It is rather obvious that $\sum_{n=1}^\infty |a_n|^\beta<\infty$ for some $0<\beta<1$ implies that $|a_n|^\beta<1$ for almost all $n$.
Hence, $|a_n|^\beta \geq |a_n|$ for almost all $n$. Therefore $\sum_{n=1}^\infty |a_n|^\beta<\infty$ implies $\sum_{n=1}^\infty |a_n|<\infty$.
My question is whether we can get any quantitative results? Intuitively, the convergence of the first series implies "faster" convergence of the second series. Can we formalize this somehow? Is the rate of convergence affected?
I am wondering about this because I read a book on harmonic analysis in which the convergence of $\sum_{n=1}^\infty |f_n|^\beta<\infty$ is studied where $f_n$ are the Fourier coefficients of some function $f$. For $\beta=1$ this is clearly interesting because it implies uniform convergence of the Fourier series but the book also gives results for $\beta<1$ and I am unsure how this is relevant to the actual approximation theory? Does the convergence of this series imply any "better" qualities for the Fourier approximation? If not, why are these results even mentioned?
For refrence the book is "Commutative Harmonic Analysis IV" by V.P. Khavin and N.K. Nikol'skiǐ.
If this is a common question studied within harmonic analysis I would be more then thankful for any book or paper refrences, my search so far has only come up with convergence results for above series under certain conditions.

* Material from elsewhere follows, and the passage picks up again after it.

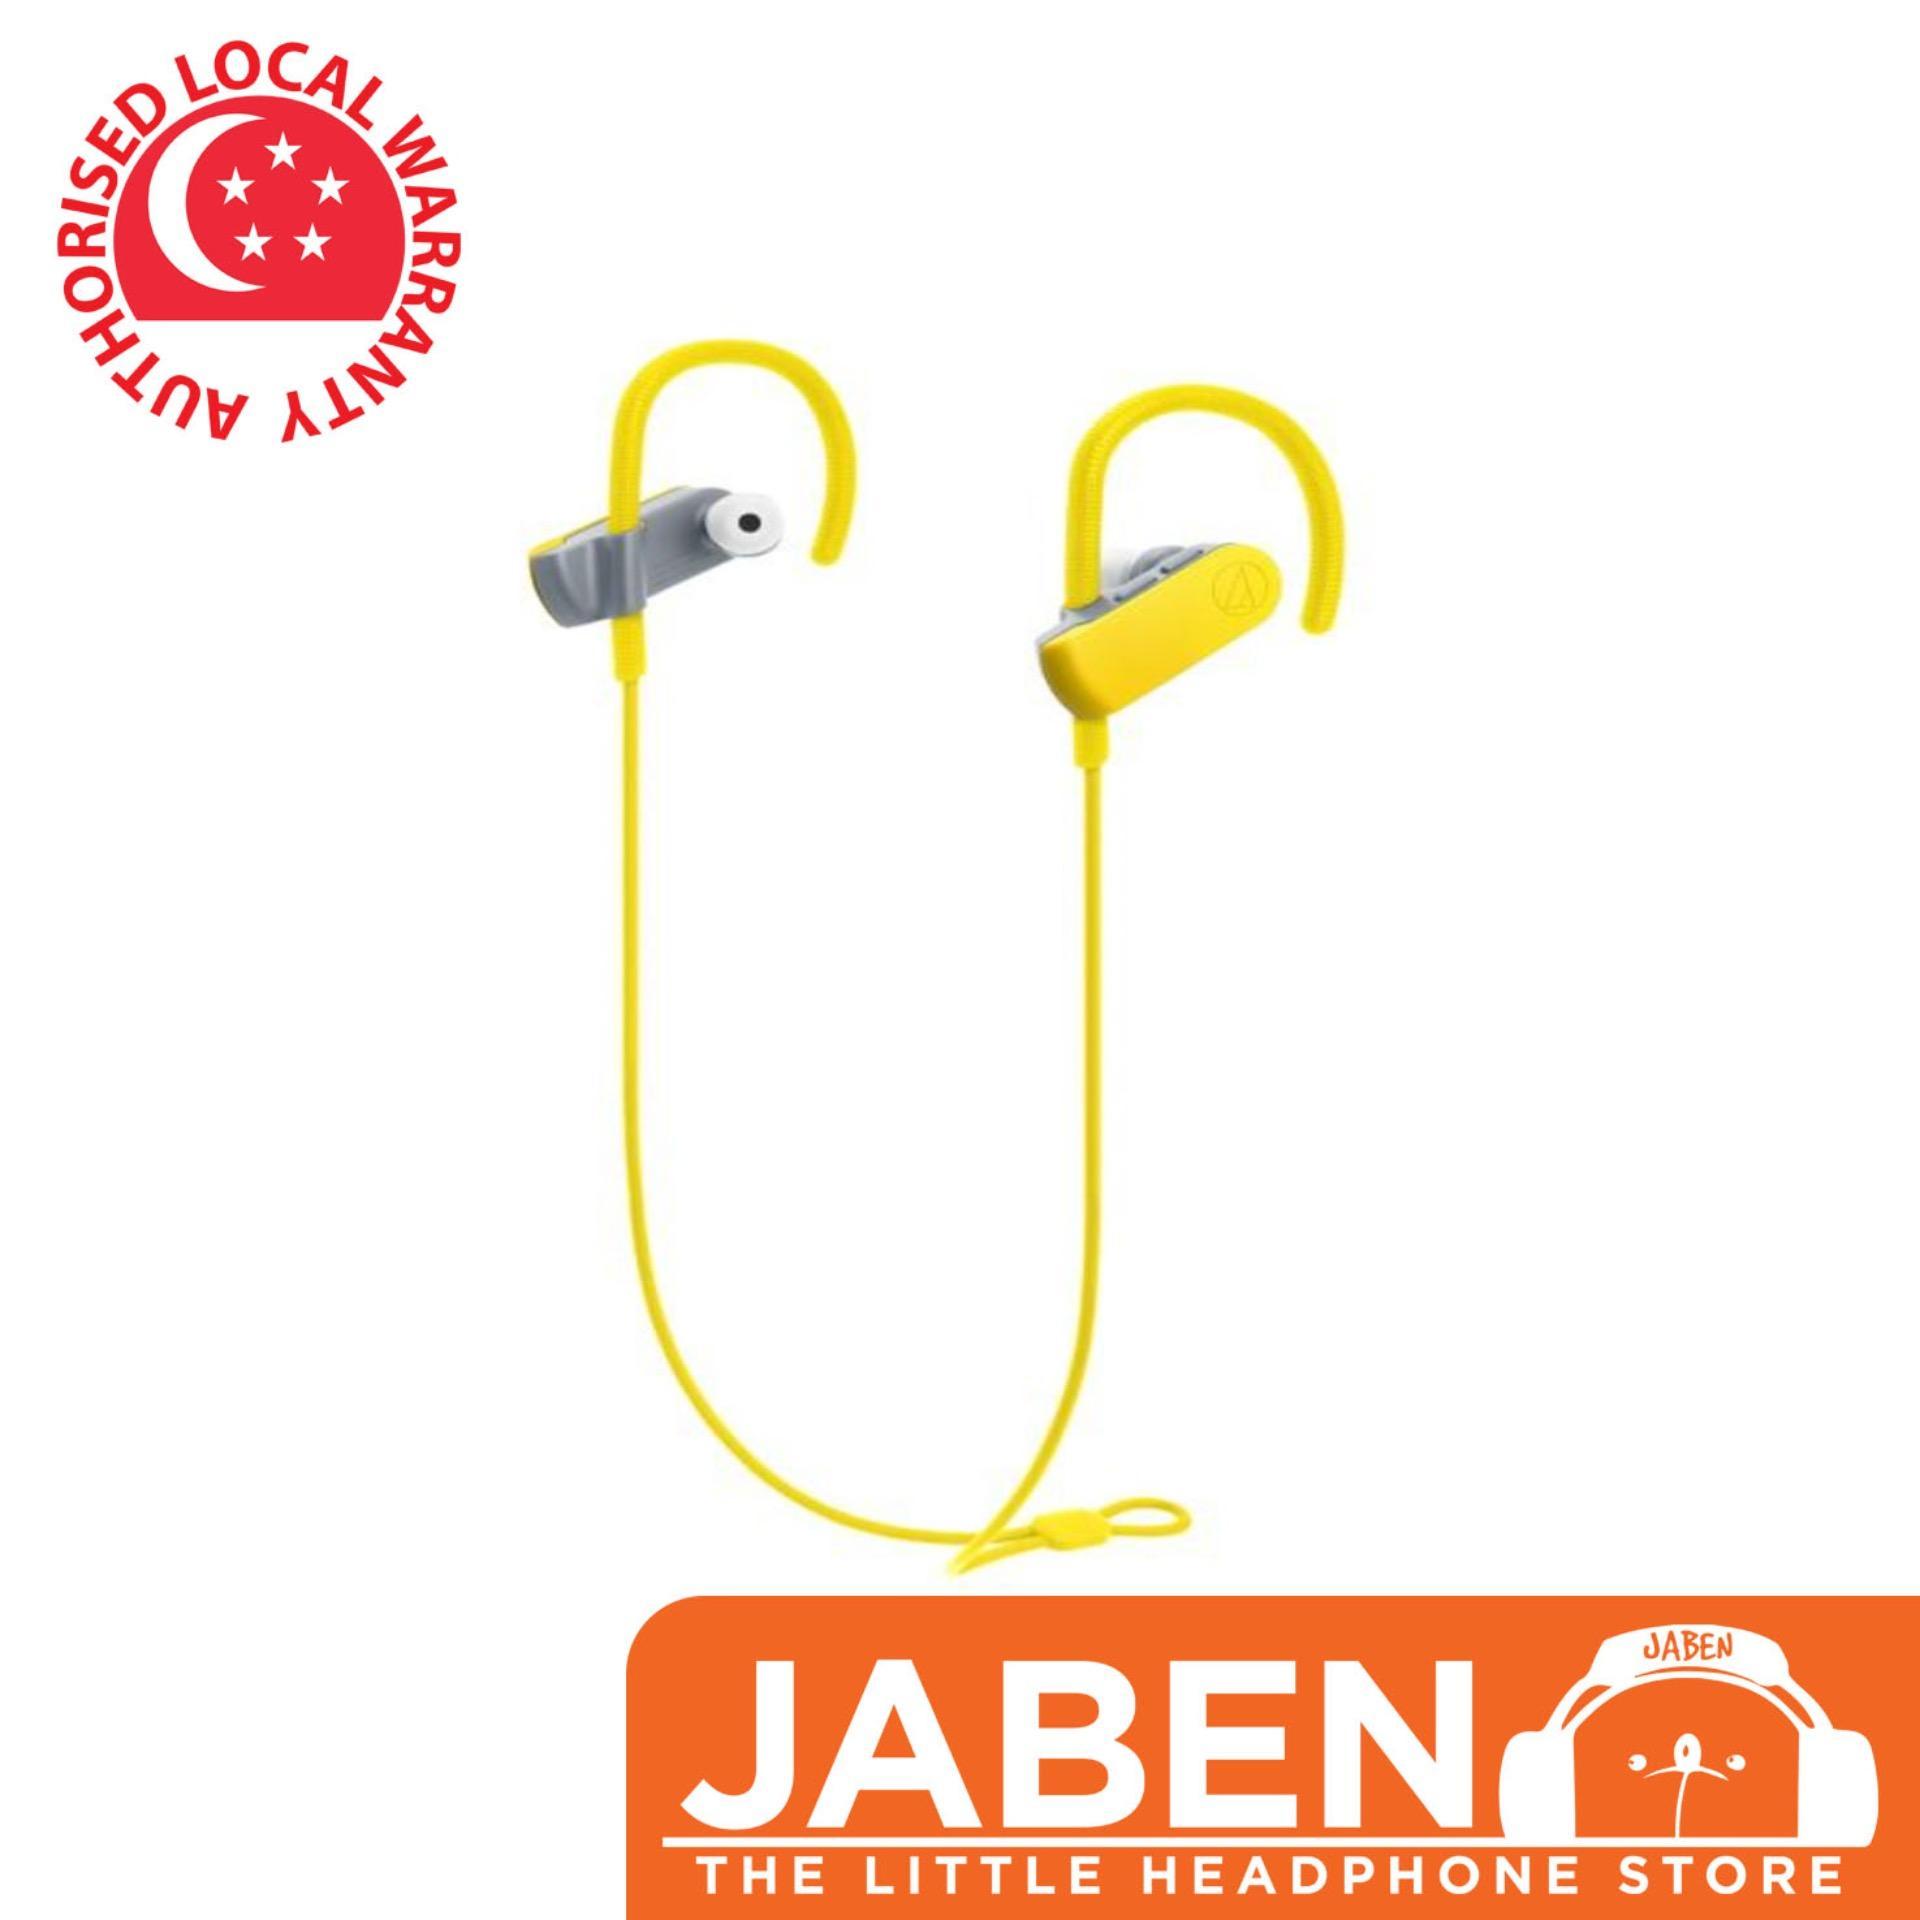 Latest Audio Technica In Ear Headphones Products Enjoy Huge Earphone Solid Bass Ath Cks1100is Sport50bt Sonicsport Wireless

I havn't found any explanations of what that convergence actually means.
I'll assume throughout that $a_n\ge0$. Define $E_\beta(x) = \sum_{n>x} a_n^\beta$, so that the convergence of $\sum_{n=1}^\infty a_n$ is equivalent to $E_\beta(x) \to 0$ as $x\to\infty$. I interpret your question to be: what can we say about $E_1(x)$ in terms of $E_\beta(x)$ alone? A slight elaboration of your argument shows that $E_1(x)/E_\beta(x) \to 0$; can we say anything stronger?
In general, I believe the answer is no. (I'm writing this quickly, so double-checking will be welcome.) In other words, given any function $d(x)$ decaying to $0$, no matter how slowly, we should be able to find an example of a sequence $\{a_n\}$ such that $E_1(x)/E_\beta(x) > d(x)$ for all sufficiently large $x$. Indeed, I think an example can be found using a fixed convergent series like $1/n^2$, but spreading the positive terms out by inserting longer and longer strings of $0$s between the positive terms.
So we would need additional information to get better bounds. A natural quantity to consider is $M(x) = \max\{a_n\colon n>x\}$, which must tend to $0$ since $\sum a_n$ converges. (If $a_n$ is decreasing then $M(x)$ is simply $a_{\lfloor x\rfloor+1}$.) It's clear that $$ E_1(x) = \sum_{n>x} a_n = \sum_{n<x} a_n^{1-\beta} a_n^\beta \le M(x)^{1-\beta} \sum_{n<x} a_n^\beta = M(x)^{1-\beta} E_\beta(x), $$ which is a quantitative improvement over the mere $E_1(x)/E_\beta(x) \to 0$. I suspect that nothing better than $E_1(x) \le M(x)^{1-\beta} E_\beta(x)$ (other than perhaps a multiplicative constant) is true in general: it is already the correct order of magnitude when $a_n$ is polynomially decaying and when $a_n$ is exponentially decaying.